• INSTRUCTIONS TO FOLLOW:
The data below should be copied out exactly, with its pictures omitted.

• PROVIDED DATA:
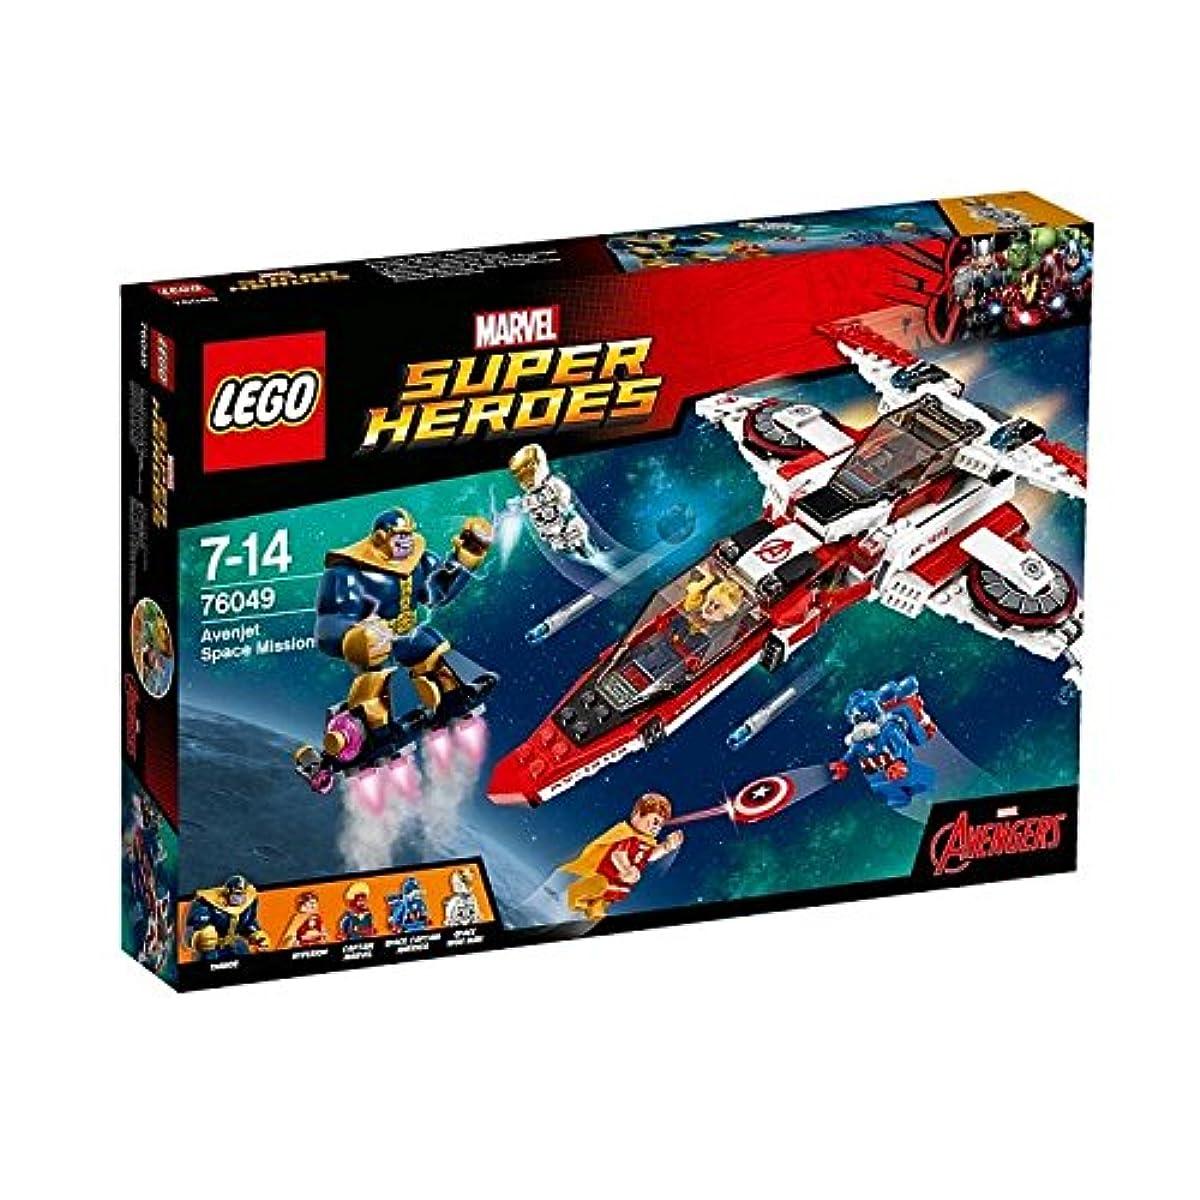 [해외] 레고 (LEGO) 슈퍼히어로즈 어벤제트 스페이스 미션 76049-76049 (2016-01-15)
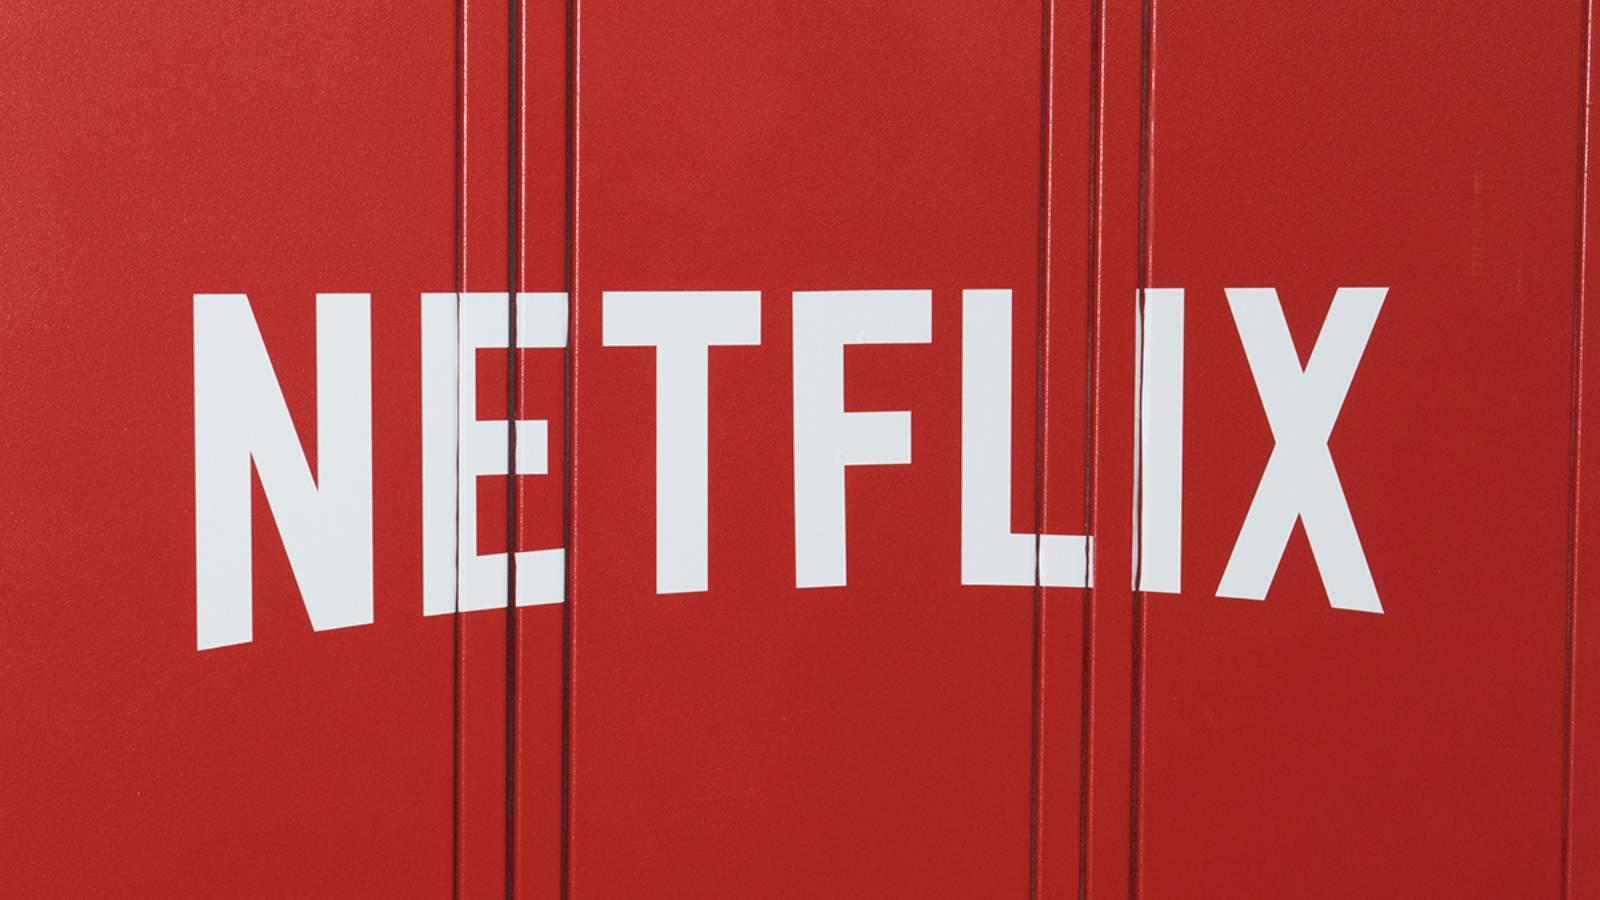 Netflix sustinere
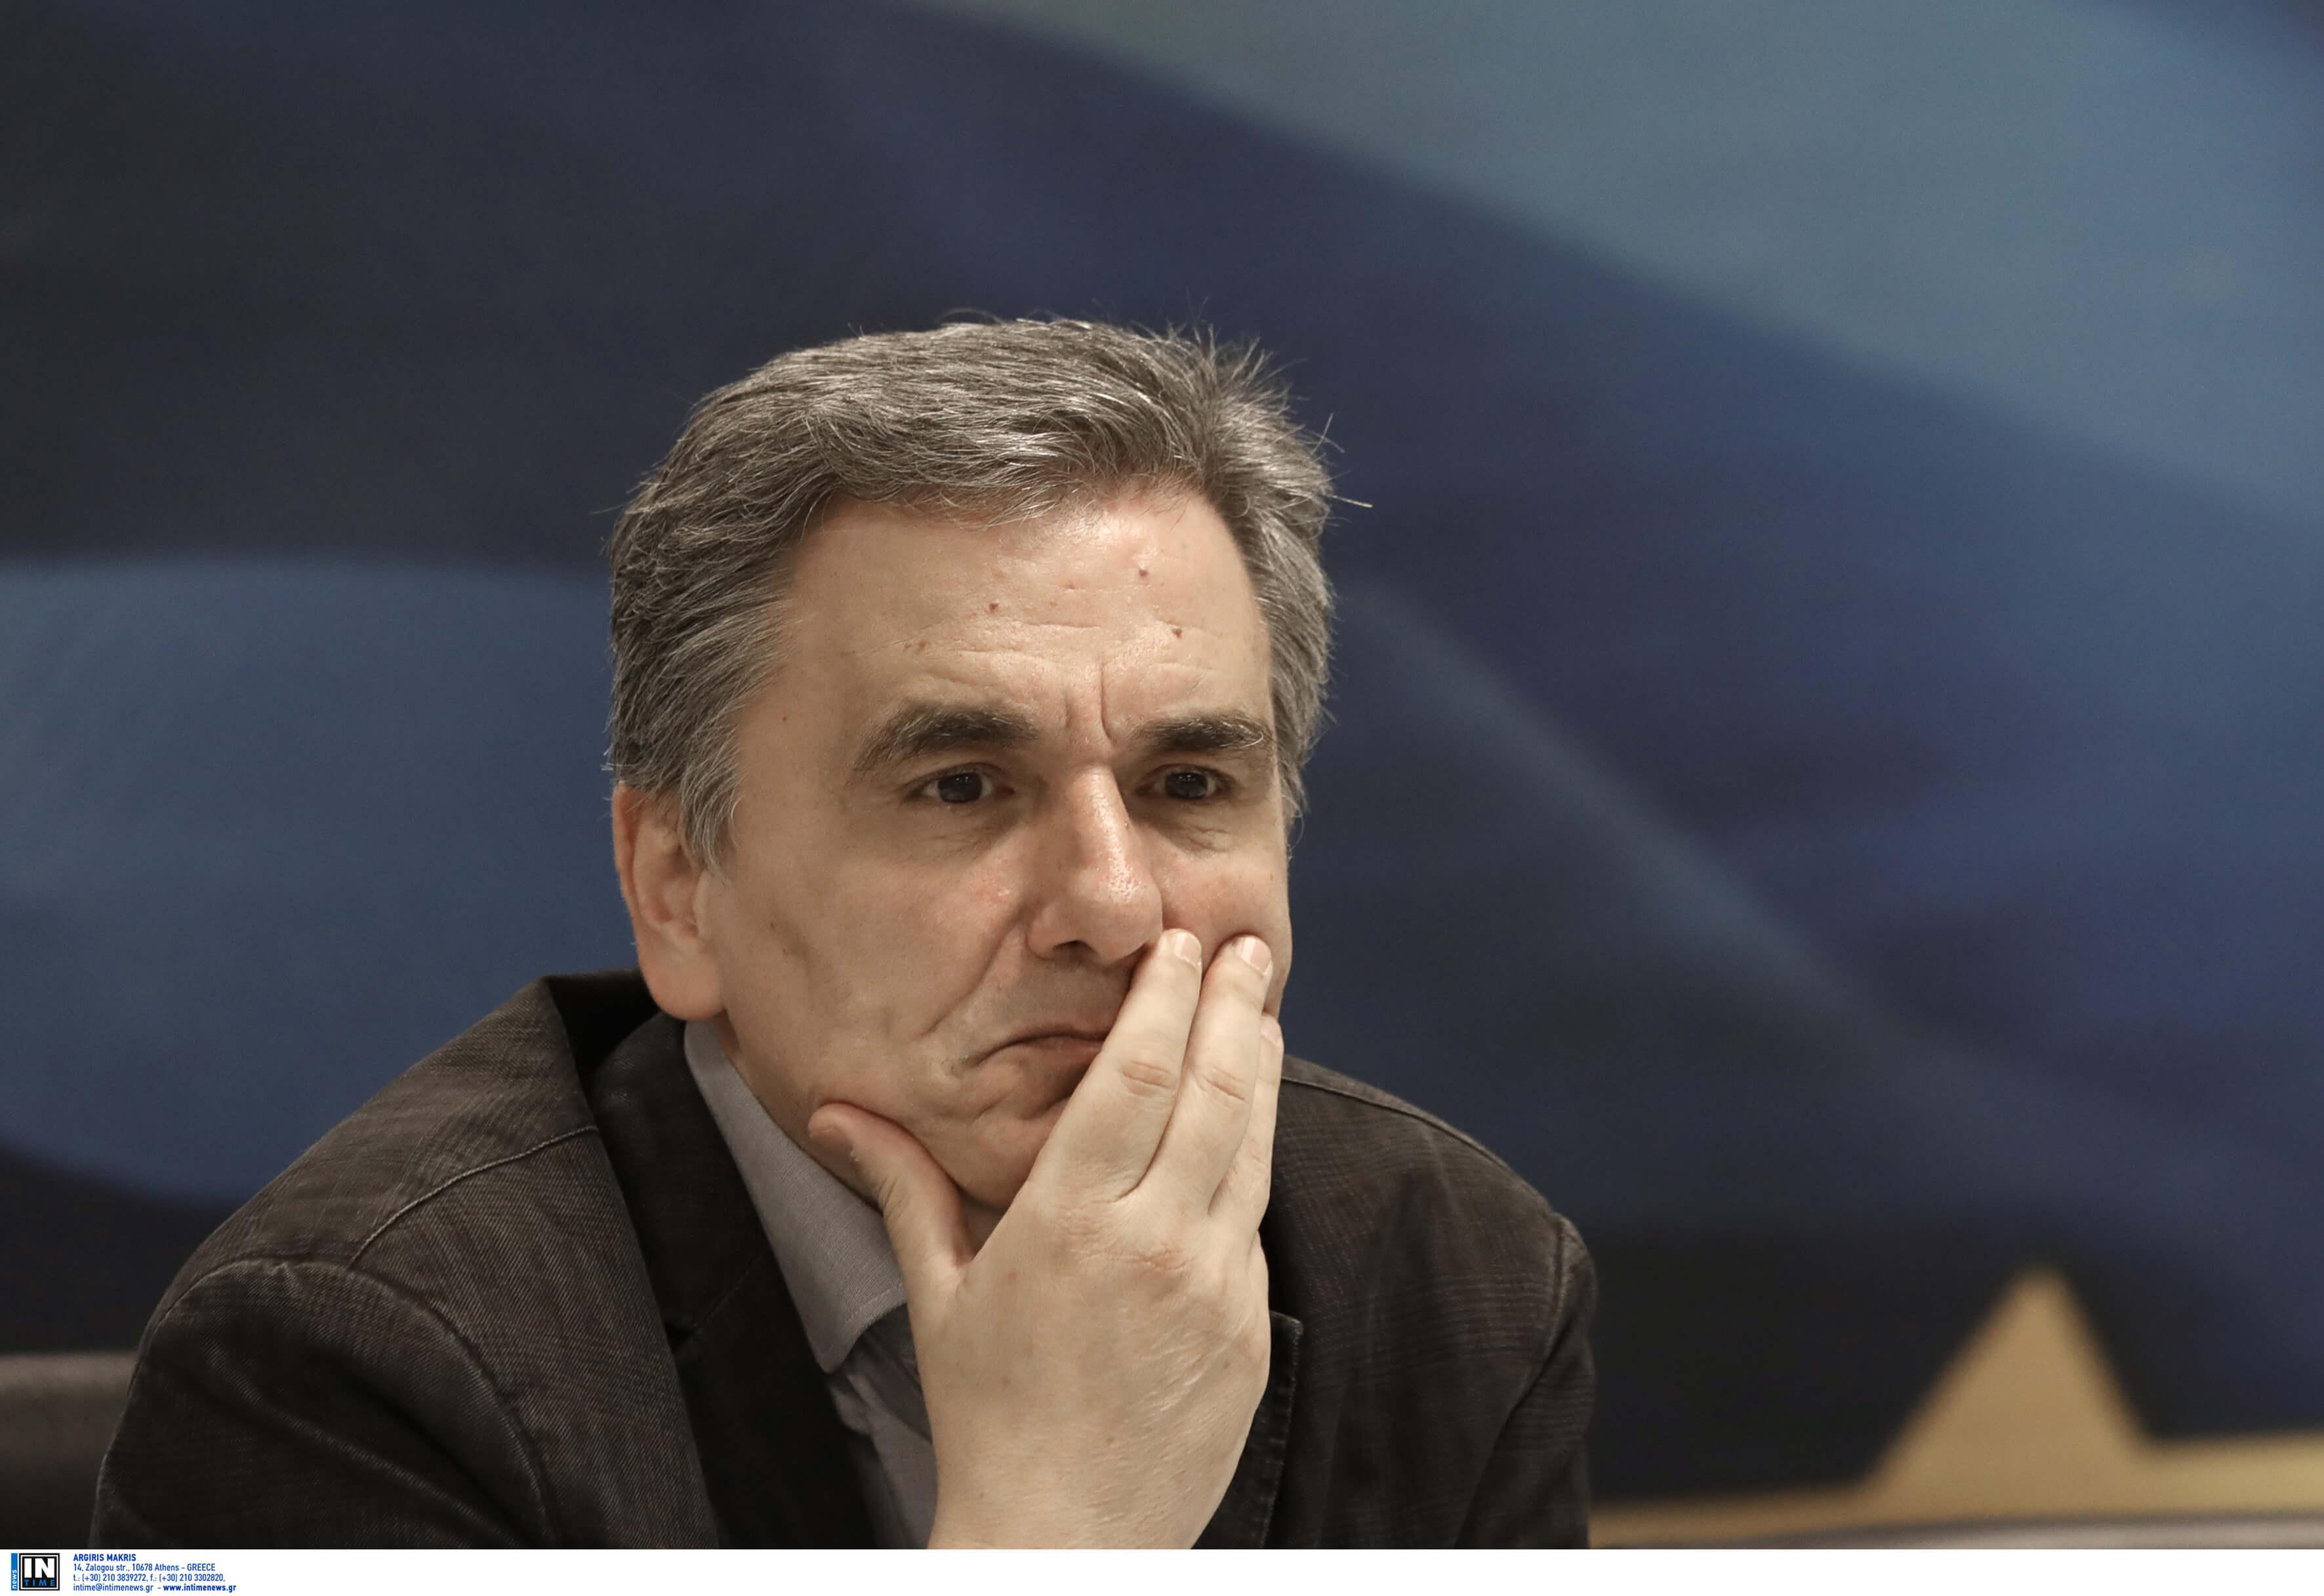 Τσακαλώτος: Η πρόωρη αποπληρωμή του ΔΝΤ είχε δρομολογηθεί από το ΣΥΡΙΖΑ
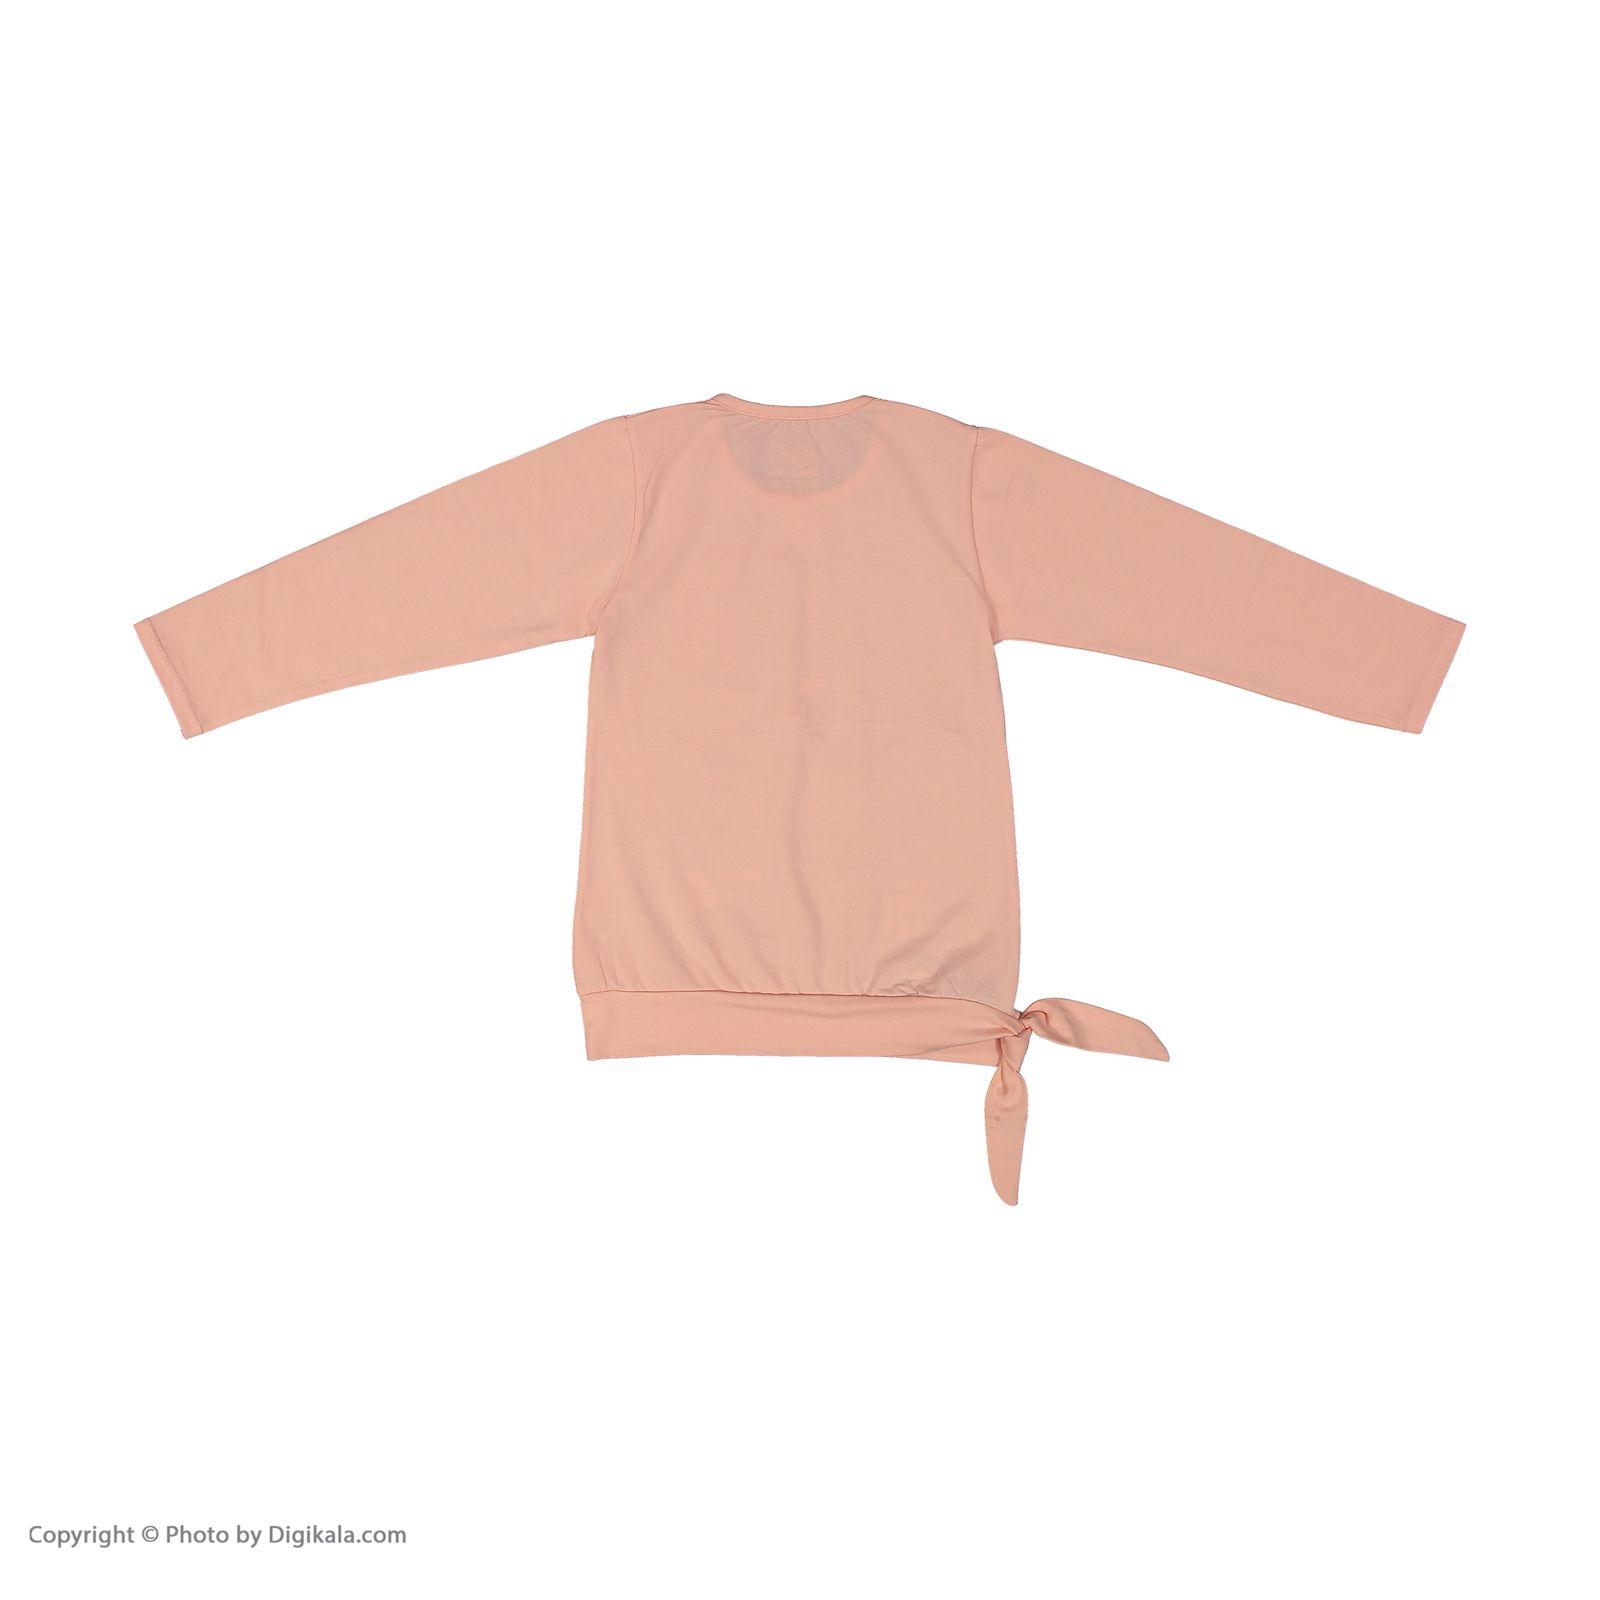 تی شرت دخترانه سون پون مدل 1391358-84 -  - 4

• ANSWER SPACE:
 [해외] 레고 (LEGO) 슈퍼히어로즈 어벤제트 스페이스 미션 76049-76049 (2016-01-15)
 Netflix sustinere
 Τσακαλώτος: Η πρόωρη αποπληρωμή του ΔΝΤ είχε δρομολογηθεί από το ΣΥΡΙΖΑ
 تی شرت دخترانه سون پون مدل 1391358-84 -  - 4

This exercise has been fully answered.